ARCHIVE

Piece of Hillsboro history faces extermination

By JENNIFER WILSON

News editor

A piece of Hillsboro history could be gone forever if action isn't take soon.

The dilemma surrounds a small building once owned by the founder of Hillsboro, John G. Hill. It's the former office building for Hill's lumberyard business, Badger Lumber.

After being moved several decades ago, the building continues to deteriorate. And the owner of the property it sits on wants it moved or at least temporarily repaired — or else he'll remove it himself.

"It's in really bad shape," said Richard Wall, chairman of the historical society and museum board.

Badger Lumber was once located at the south side of the intersection at First and Ash — where the former B and B Handyman building is located now. The lumberyard's office building was located just south of that, approximately where a row of covered storage now sits across from the grain elevator.

Several decades later, the office building was moved to its current location north of Concrete Products, Wall said. He didn't know exactly when the building was moved but guessed it to be in the 1970s.

And that's where it's sat ever since.

The weather has taken its toll on the structure. With the windows gone, the roof falling apart, and the siding deteriorating, the building doesn't provide much shelter for the objects stored inside it.

Hillsboro resident Vernon Friesen bought the property that the building sits on in the mid-1980s, and he's kept items inside it periodically. But with the condition the building is in, Friesen might do just as well to keep his belongings outside, he said.

Since the building keeps getting worse, Friesen wants the historical society to take some action by the end of the summer, he said.

But if the society fashioned some temporary fixes for the building, such as putting tin on the roof and nailing the windows shut, he'd allow the building to remain on his property a while longer.

"Then it can stay for a little while," Friesen said.

According to Wall, the historical society has talked off and on for years about restoring the old building. Lately they've realized that if they don't move quickly, the building will be beyond repair, he said.

The society has two options: stabilize or restore.

Stabilizing the building would be a temporary, less-expensive solution. But the society's ultimate goal would be to move the building onto the city's museum complex and completely restore it.

They could do that with a couple thousand dollars and a dozen or so volunteers, Wall said.

Restoring the Hill office building has not been the society's priority, but the urgent condition of the building may force the organization to change its plans, he said.

"It should have been done 10 years ago," Wall said.

The society's biggest priority has been raising funds for a proposed visitor's center, which the complex desperately needs, he said. It would be a place dedicated to Hillsboro history, not just adobe history or Mennonite history, possibly with areas for lectures or video presentations.

"That will kick us up a notch or two," he said. "We need a large building to do that."

The society has "tens of thousands" of dollars saved for the center, Wall said.

Another project the group would like to undertake would be saving a stone house built by Bartel ancestors and located north of French Creek. The society has received money from Bartel descendants specifically earmarked for the moving and restoration of that building.

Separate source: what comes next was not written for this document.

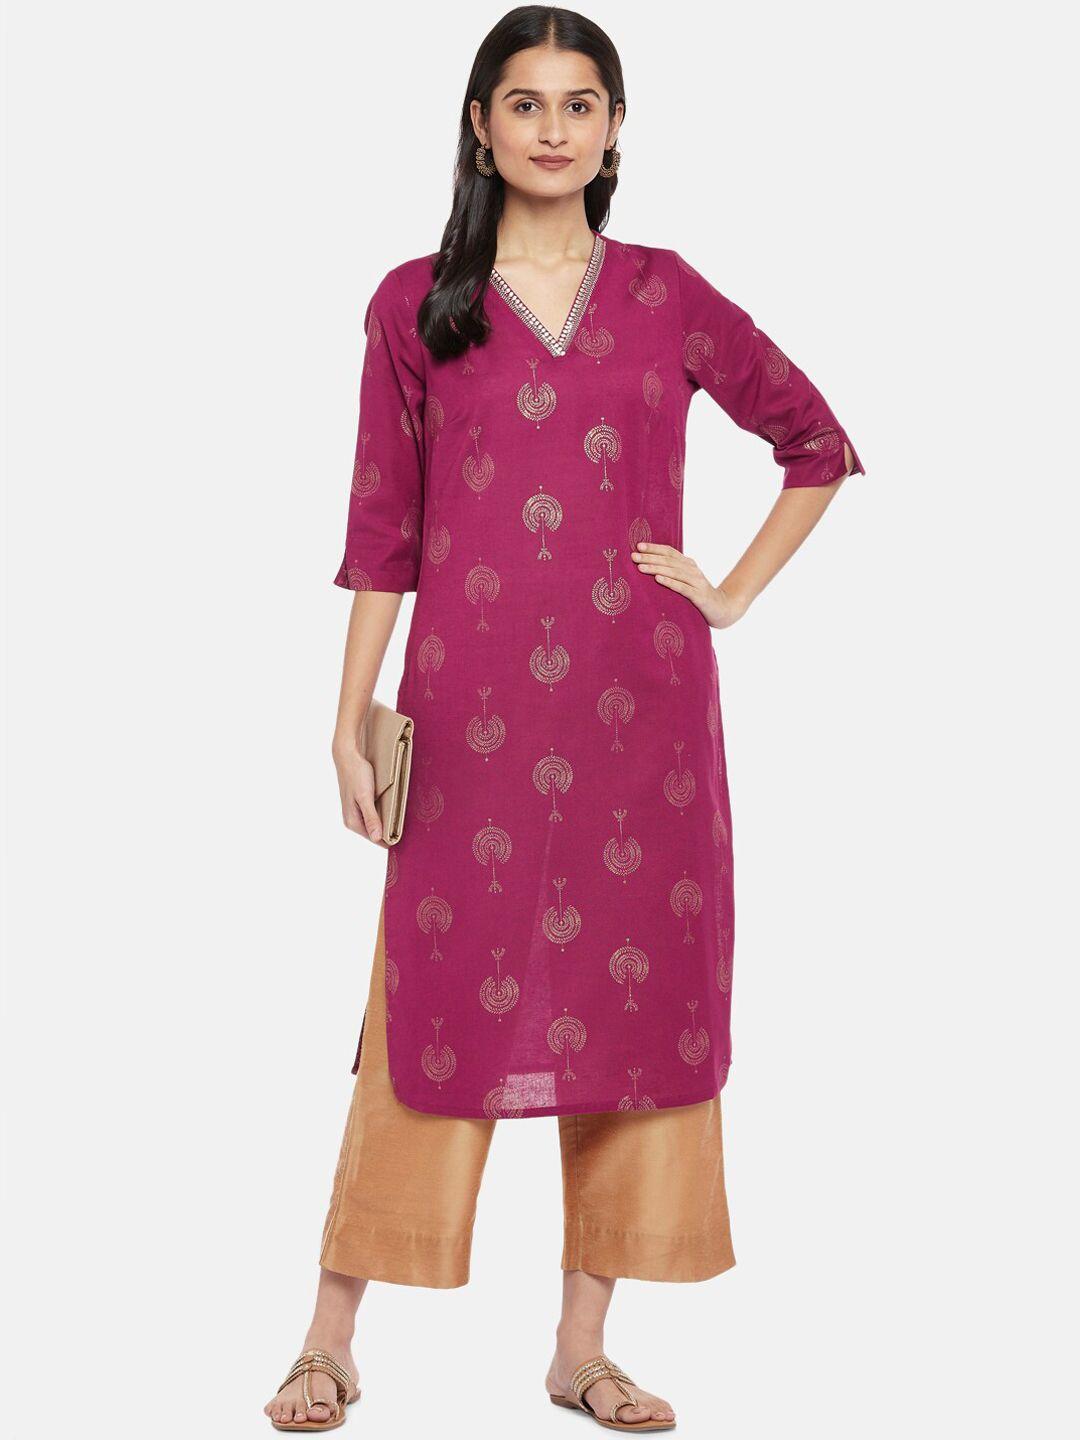 rangmanch by pantaloons women pink ethnic motifs embellished kurta
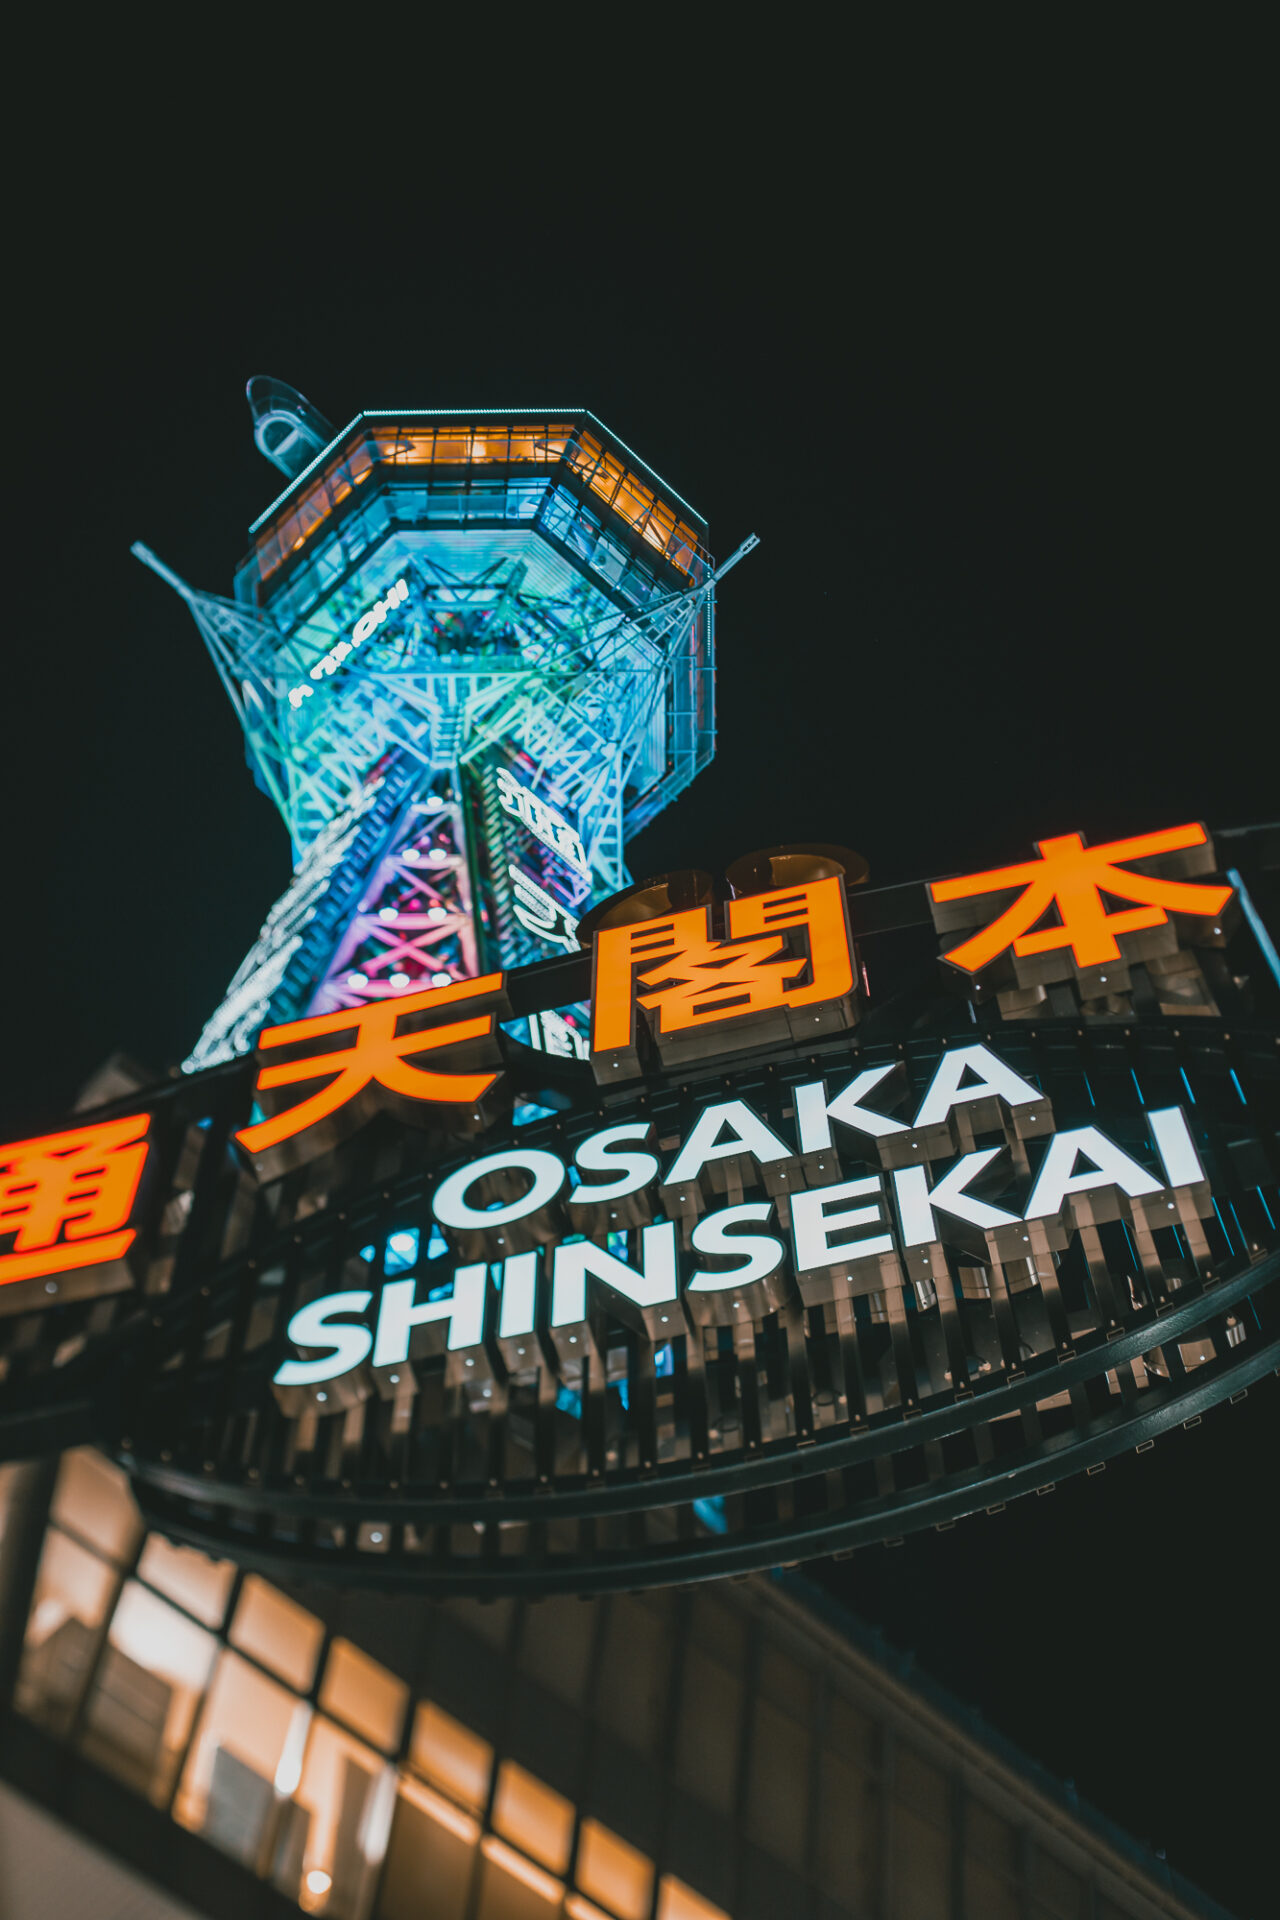 Shinsekai Tower

A similar situation took place for the Friesen windmill — family members stepped forward and funded that project. If Hill descendants would do the same for this office, that would greatly help the society, Wall said.

The decision is still up in the air.

"We're at a crossroads now," he said.

John G. Hill is known as the founder of Hillsboro. He decided that this area, right in the middle of several Mennonite settlements, would be a good place for trade.

He filed the plat for the city on June 24, 1879, five years after the first Mennonites entered the region.